→ Supplied material:
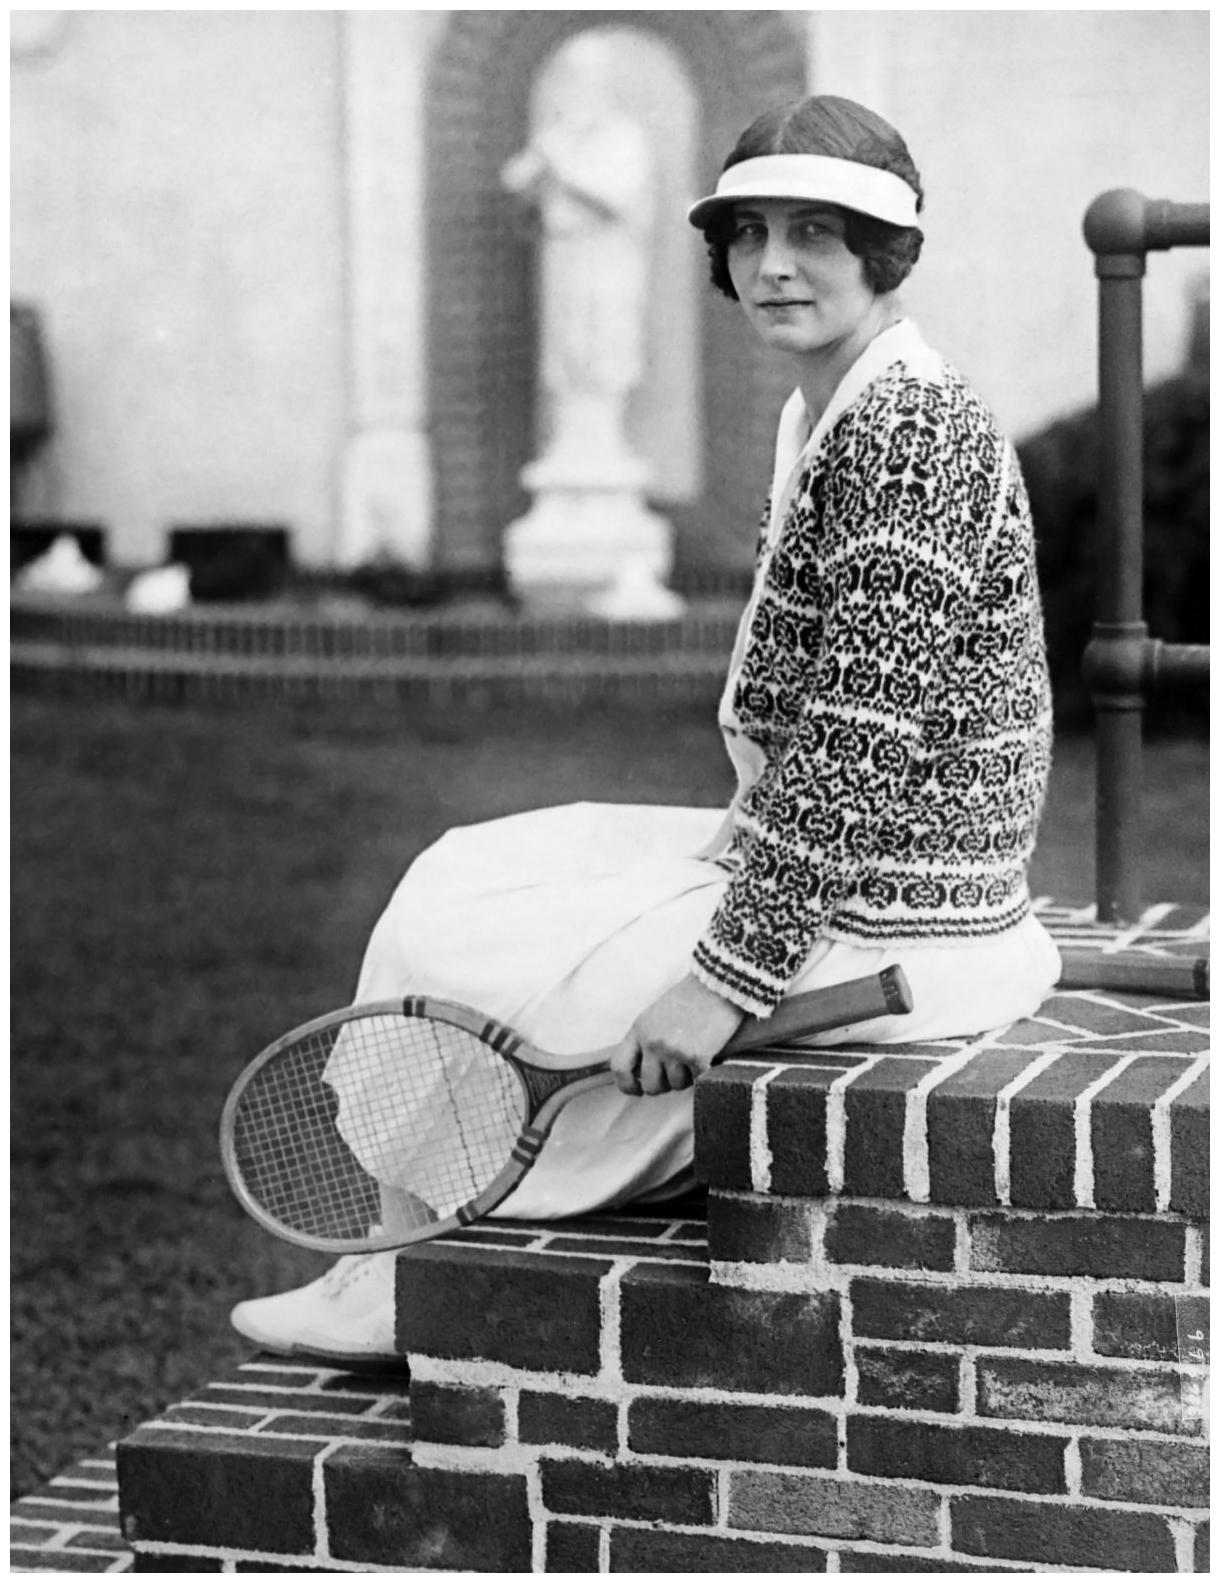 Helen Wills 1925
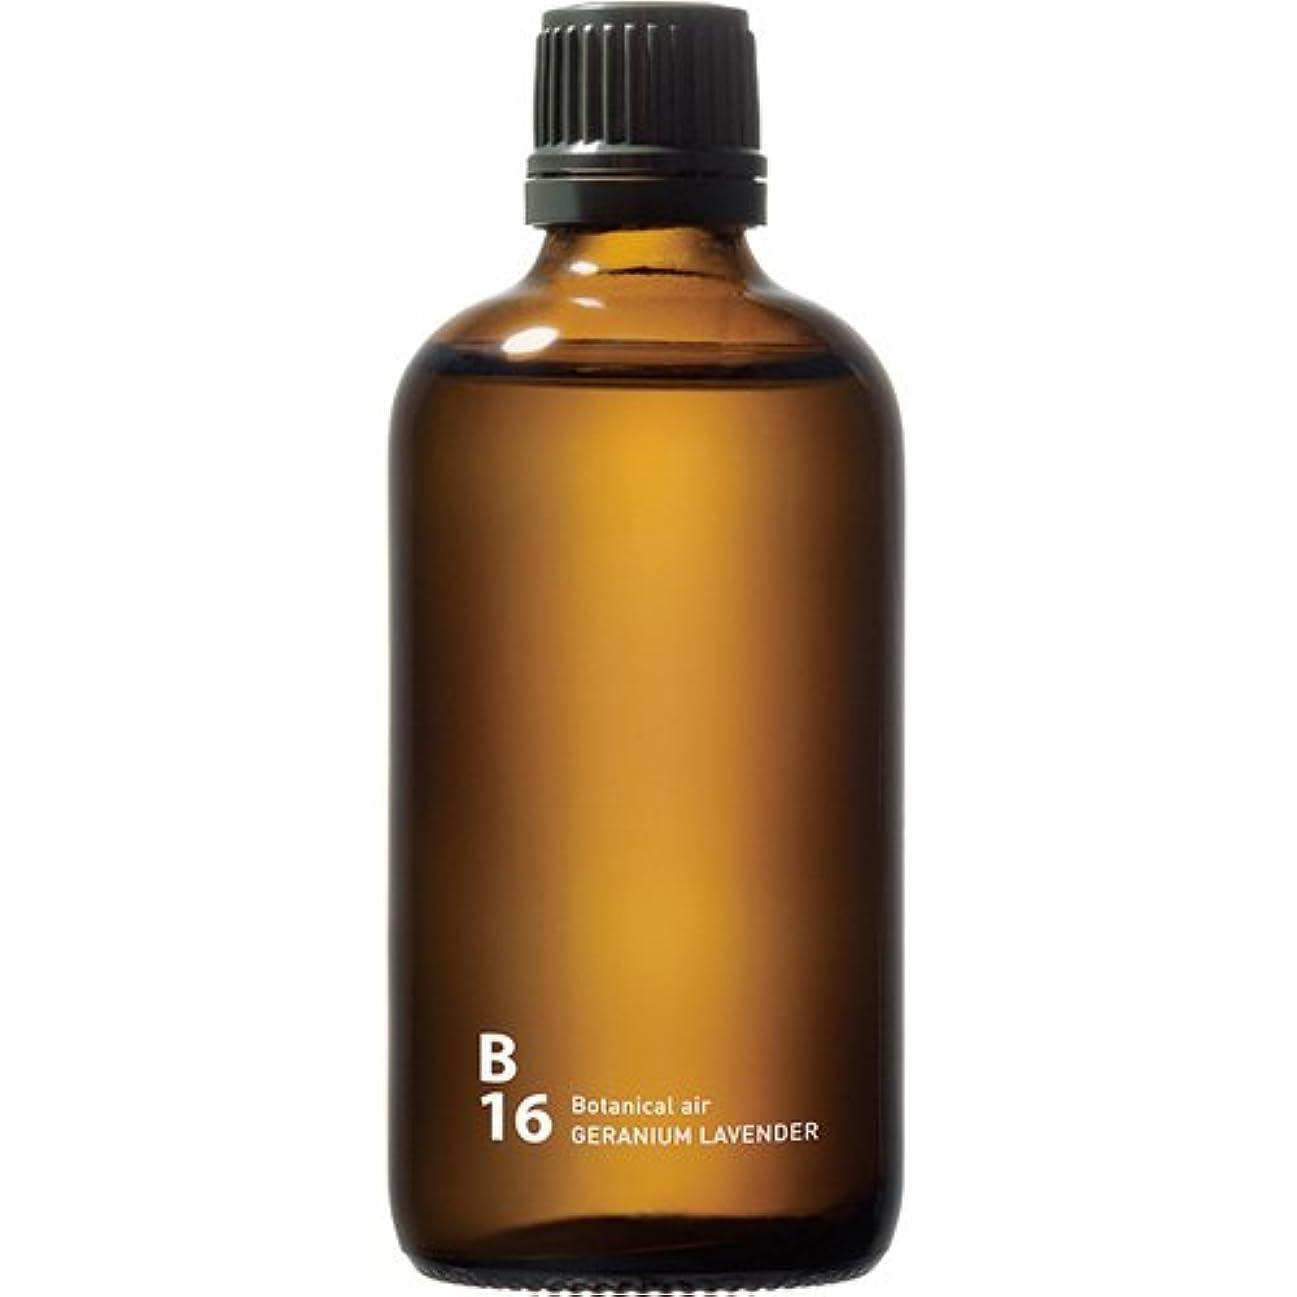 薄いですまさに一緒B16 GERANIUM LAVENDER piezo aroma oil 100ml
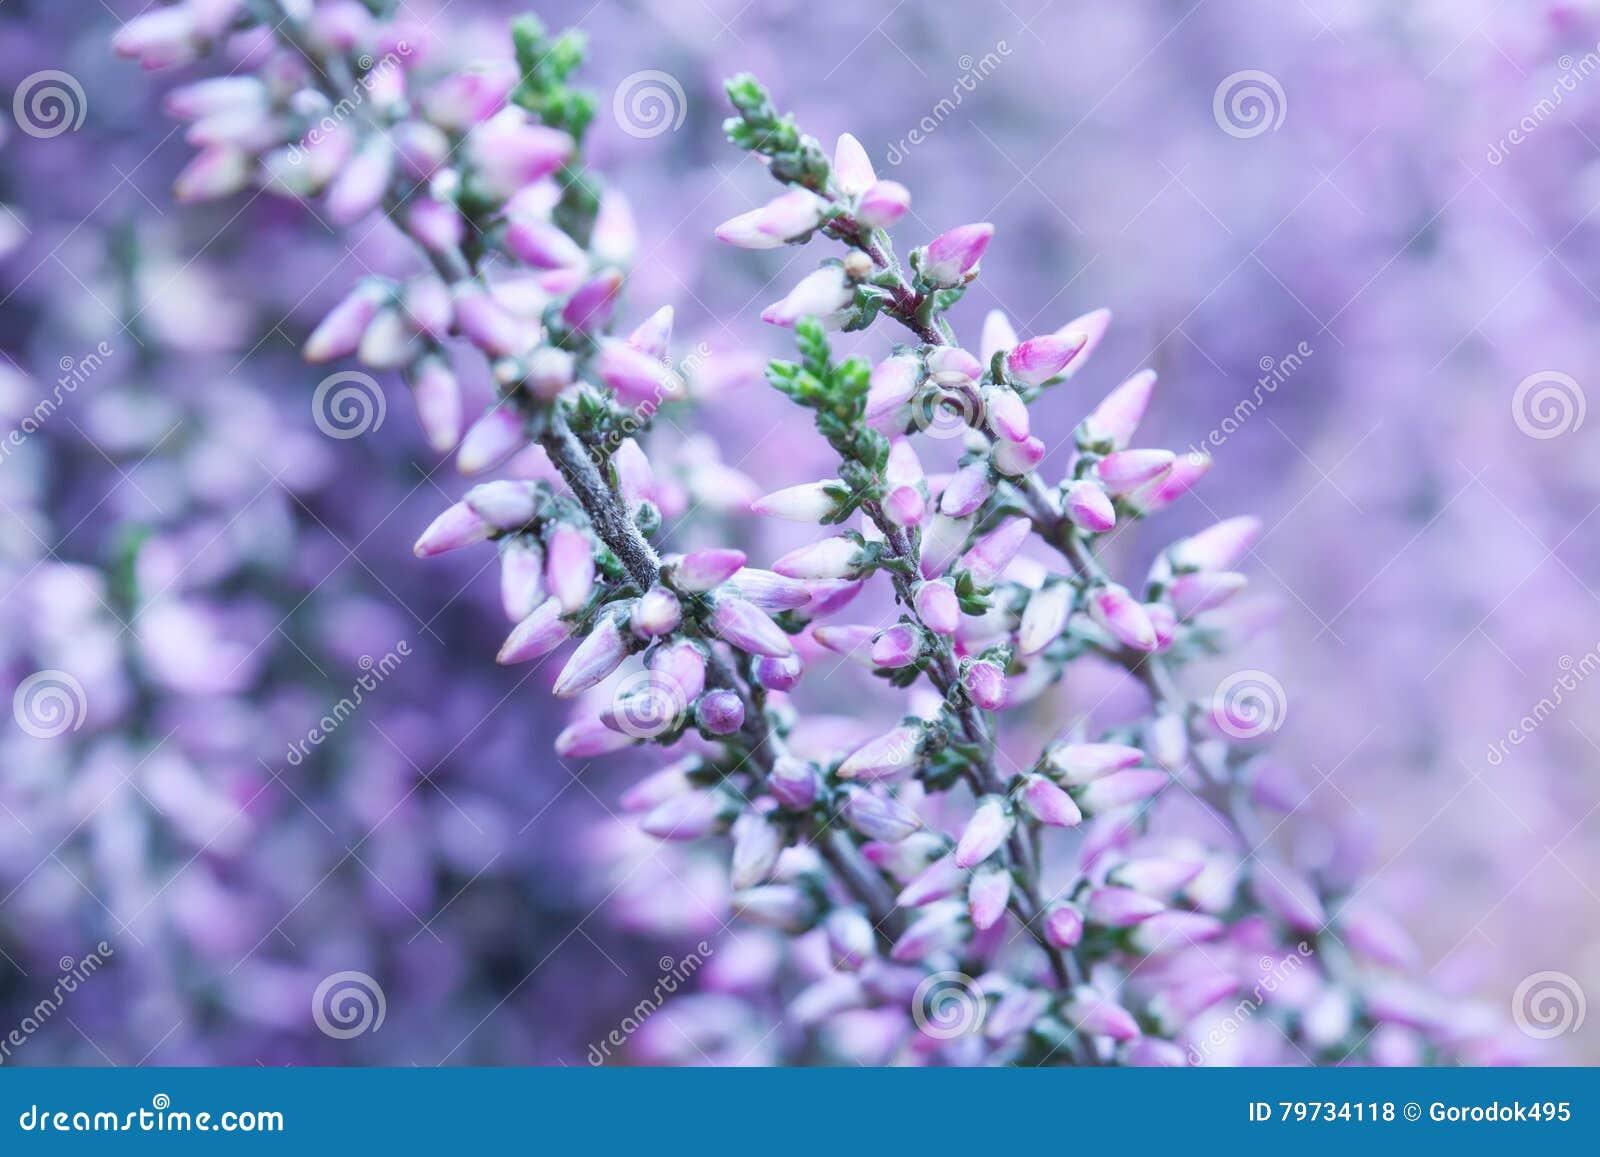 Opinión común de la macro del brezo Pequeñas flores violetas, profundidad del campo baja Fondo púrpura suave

→ Your objective: A word-for-word repeat is expected of the lines from the one with "薄いですまさに一緒B16 GERANIUM LAVENDER" to the end of the data, both included; pictures are not part of it.

→ Task response:
 薄いですまさに一緒B16 GERANIUM LAVENDER piezo aroma oil 100ml
 Opinión común de la macro del brezo Pequeñas flores violetas, profundidad del campo baja Fondo púrpura suave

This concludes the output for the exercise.